■ **WHAT IS BEING ASKED**
Omit the pictures and return exactly the stretch of the material below from the line with "Pastel Mint Ice Cream Bike Shorts for Girls" through the line with "Camara Hotel - Άγιος".

■ **MATERIAL FOR THIS TASK**
+===+

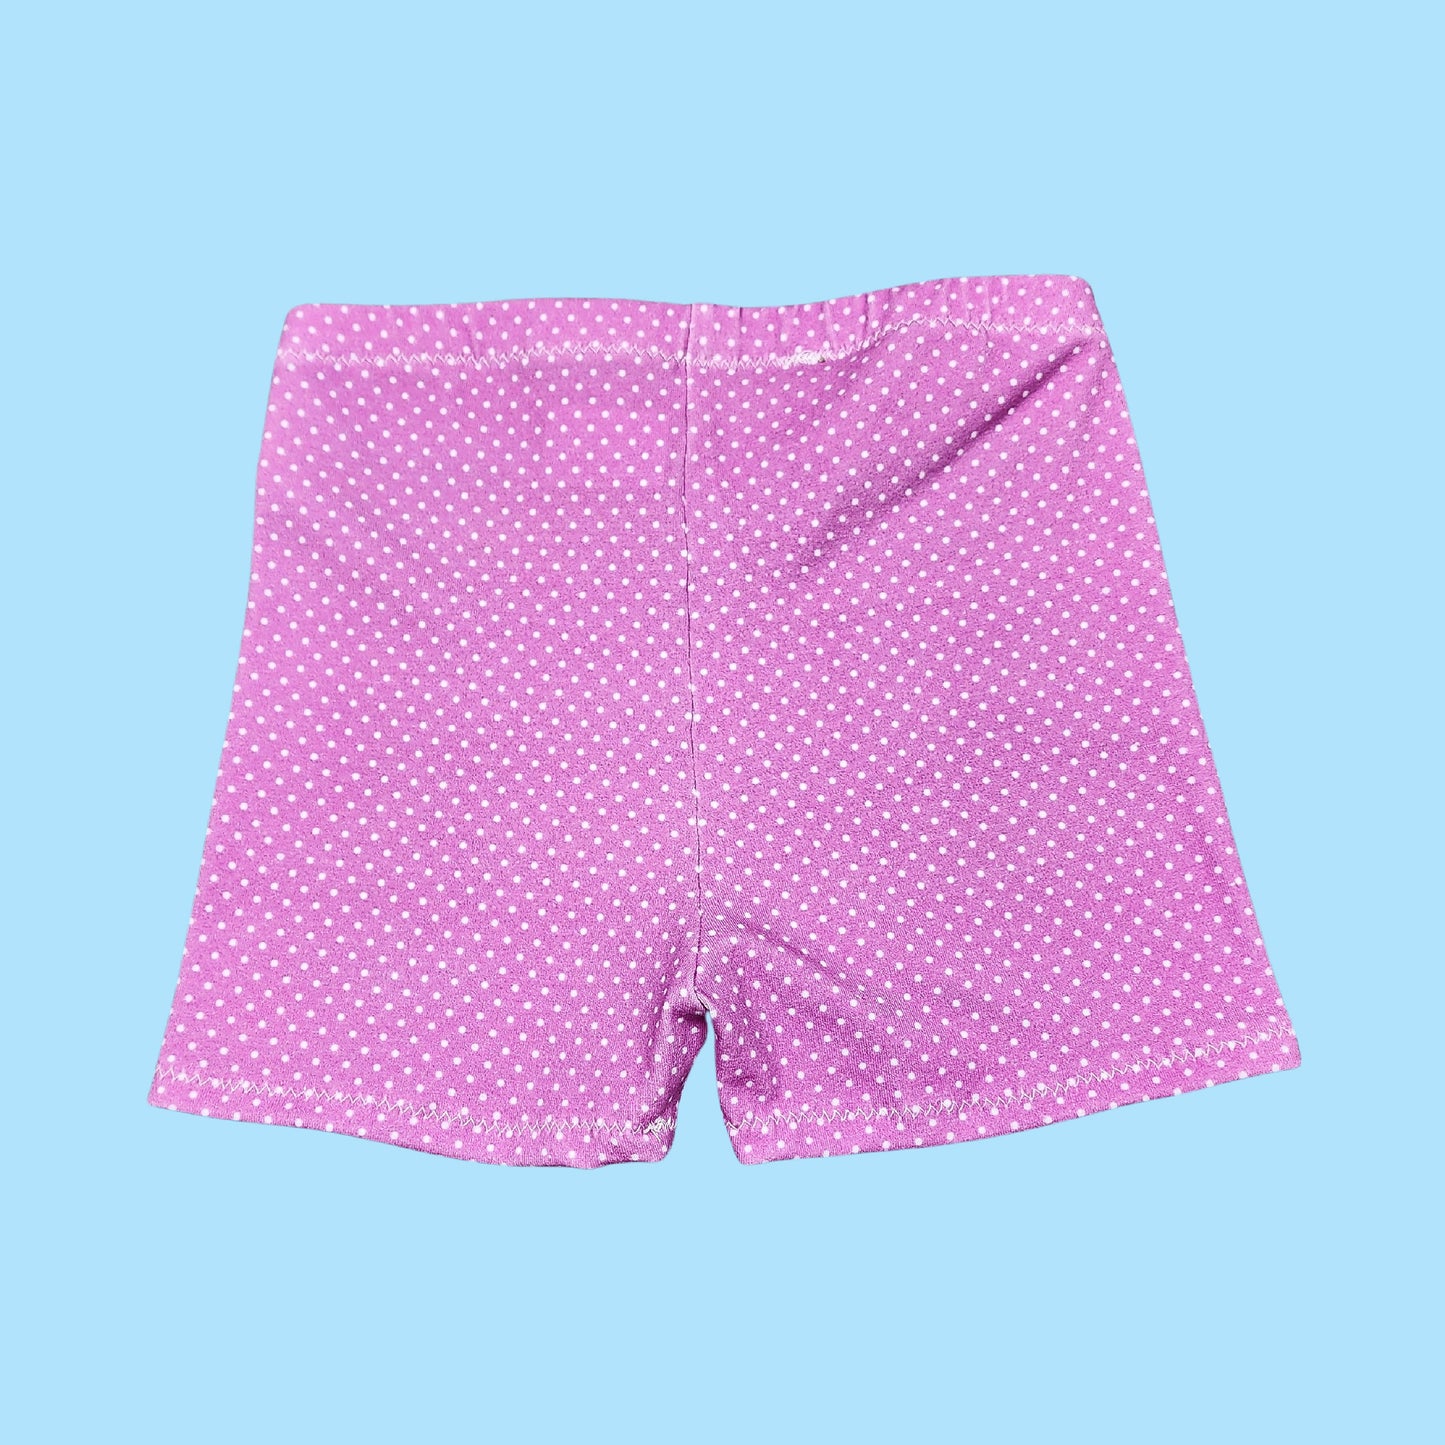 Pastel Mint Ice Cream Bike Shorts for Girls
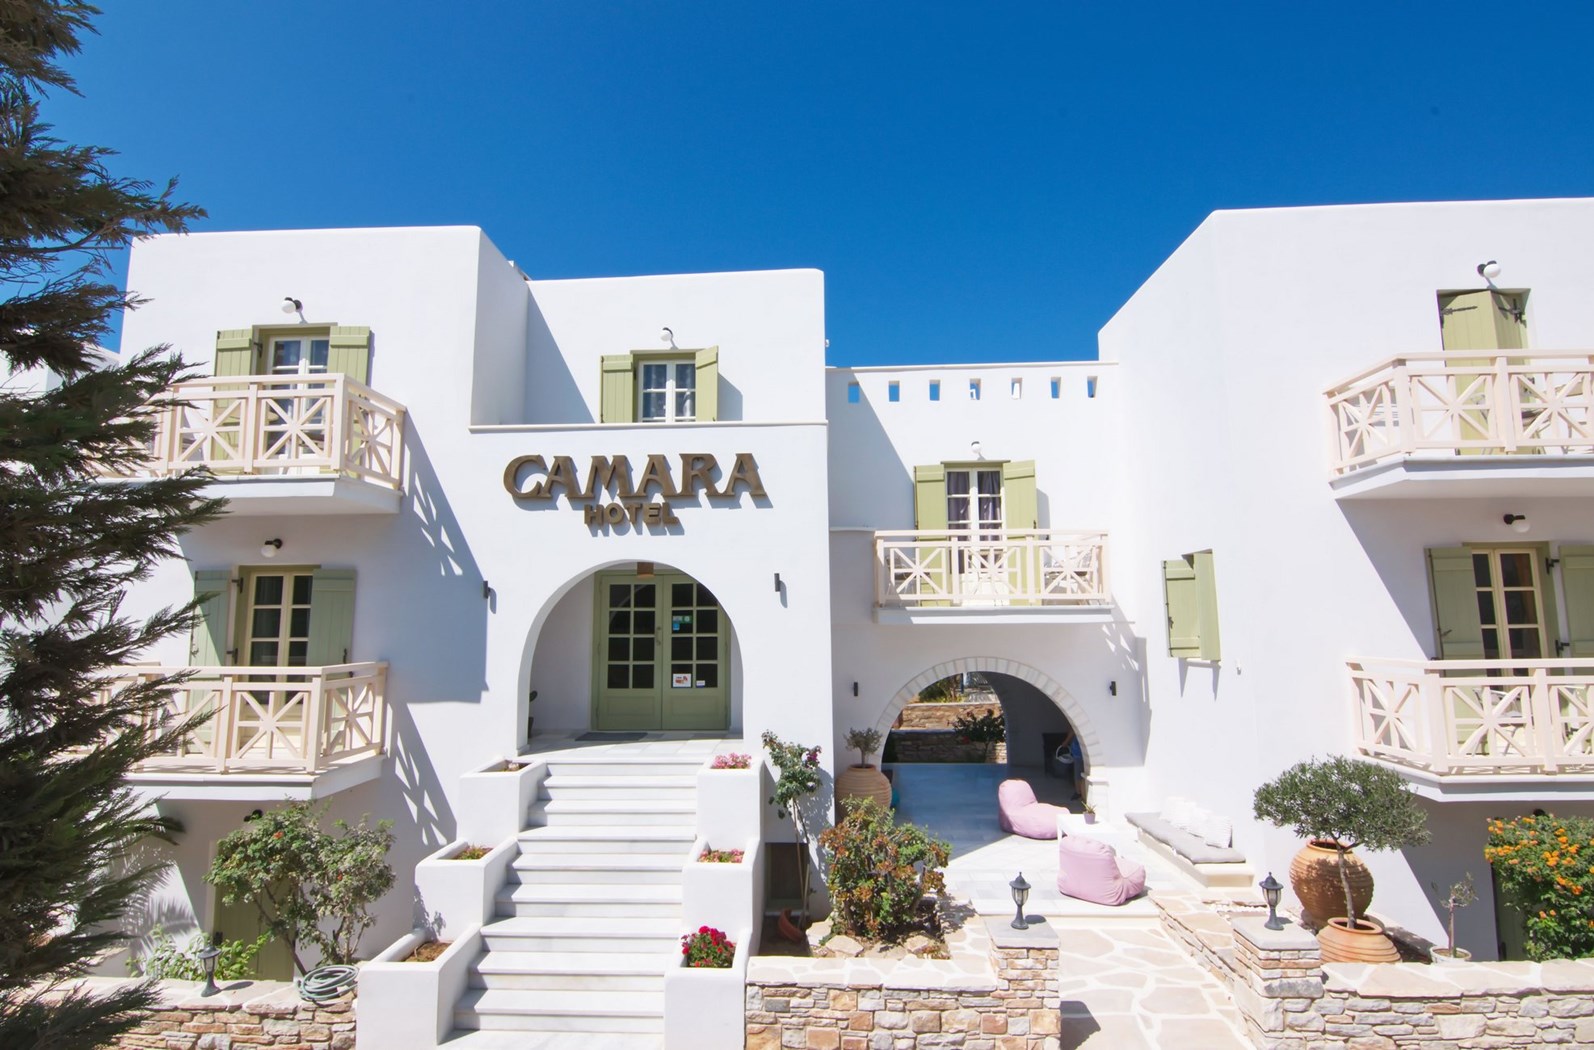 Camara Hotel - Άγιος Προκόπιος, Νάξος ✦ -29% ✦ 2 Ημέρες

+===+

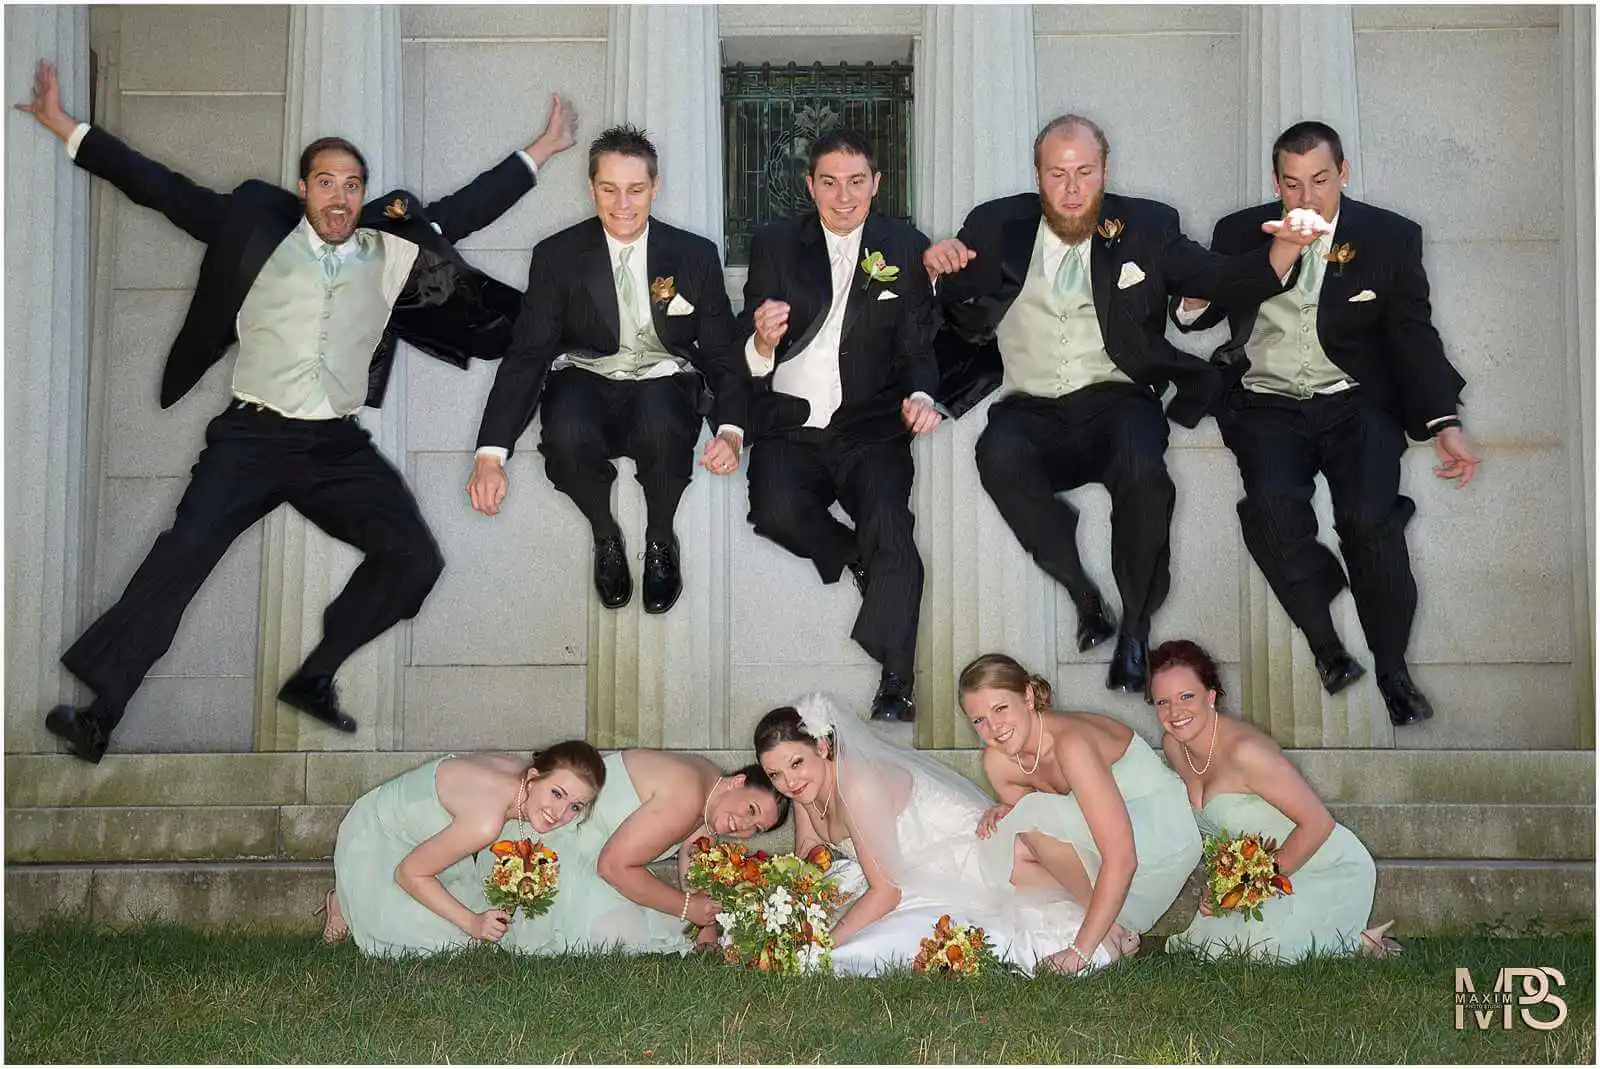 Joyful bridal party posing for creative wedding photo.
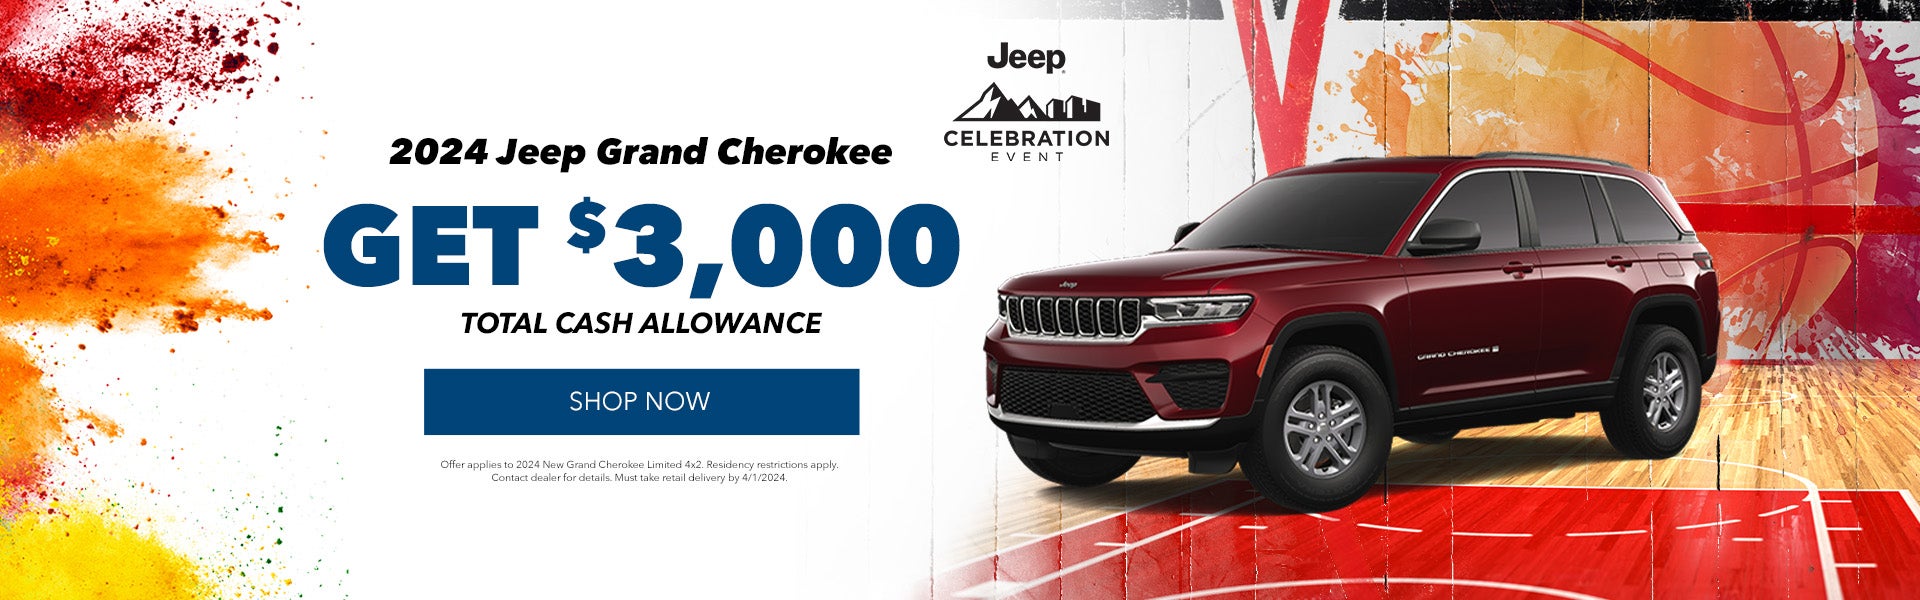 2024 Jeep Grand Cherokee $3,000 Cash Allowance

+===+

■ **TASK RESPONSE**
 Pastel Mint Ice Cream Bike Shorts for Girls
 Camara Hotel - Άγιος Προκόπιος, Νάξος ✦ -29% ✦ 2 Ημέρες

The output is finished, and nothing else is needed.